In 1838, Mix was appointed by President Martin Van Buren as a clerk in the Bureau of Indian Affairs. He was later appointed as chief clerk, under Secretary of the Interior Thomas Ewing, in November 1850. While chief clerk, Mix drafted the Yankton Treaty of April 19, 1858, with the Yankton Sioux Tribe. He was also known for drafting the 1850 Office Copy of the Laws, Regulations, Etc., an important set of regulations for implementing and governing Indian affairs. He served as acting commissioner in August 1853 and June 1856 while George Washington Manypenny was traveling in Nebraska and on temporary absence, respectively. He again served as acting commissioner in April 1857 after the resignation of Manypenny. He was appointed as commissioner of Indian Affairs, after the resignation of James W. Denver, serving from June 14, 1858 to November 8, 1858. Mix resigned, preferring to work behind the scenes. Mix retired from the Bureau of Indian Affairs in 1869.

==Personal life==
Mix married Catharine Upperman, of Georgetown, in 1829. They had five sons and four daughters.
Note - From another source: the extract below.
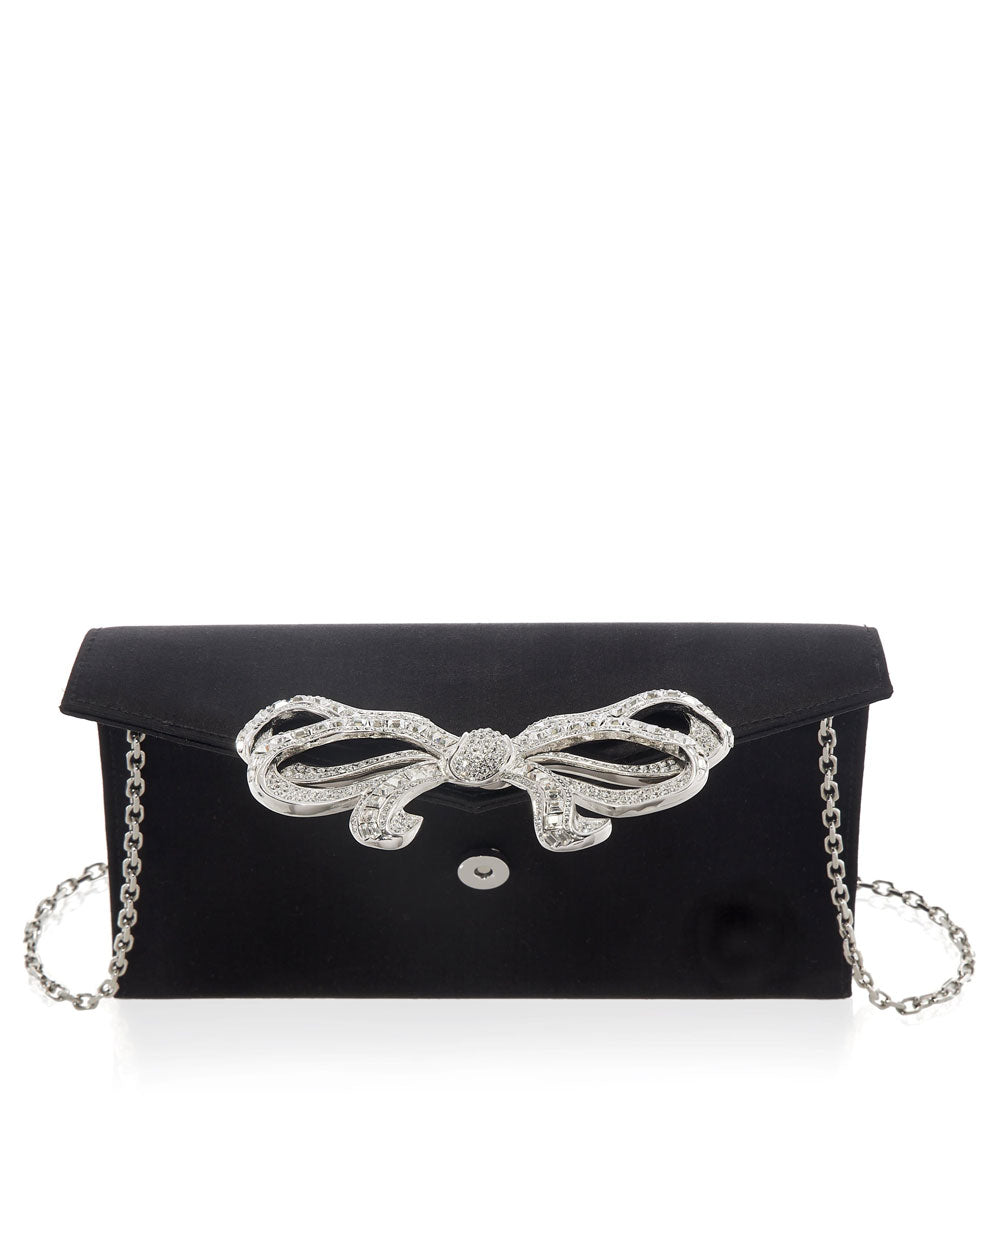 Judith Leiber Couture Crystal Bow Clutch Bag

Mix owned a farm, near Ball's Crossroads in Alexandria County, Virginia.

Mix died on January 15, 1878, at his home at 164 High Street in Georgetown. He is interred at Oak Hill Cemetery in the Georgetown neighborhood of Washington, D.C., along with his wife and children.

==Legacy==
Charles Mix County, South Dakota, organized in May 1862, was named after Mix.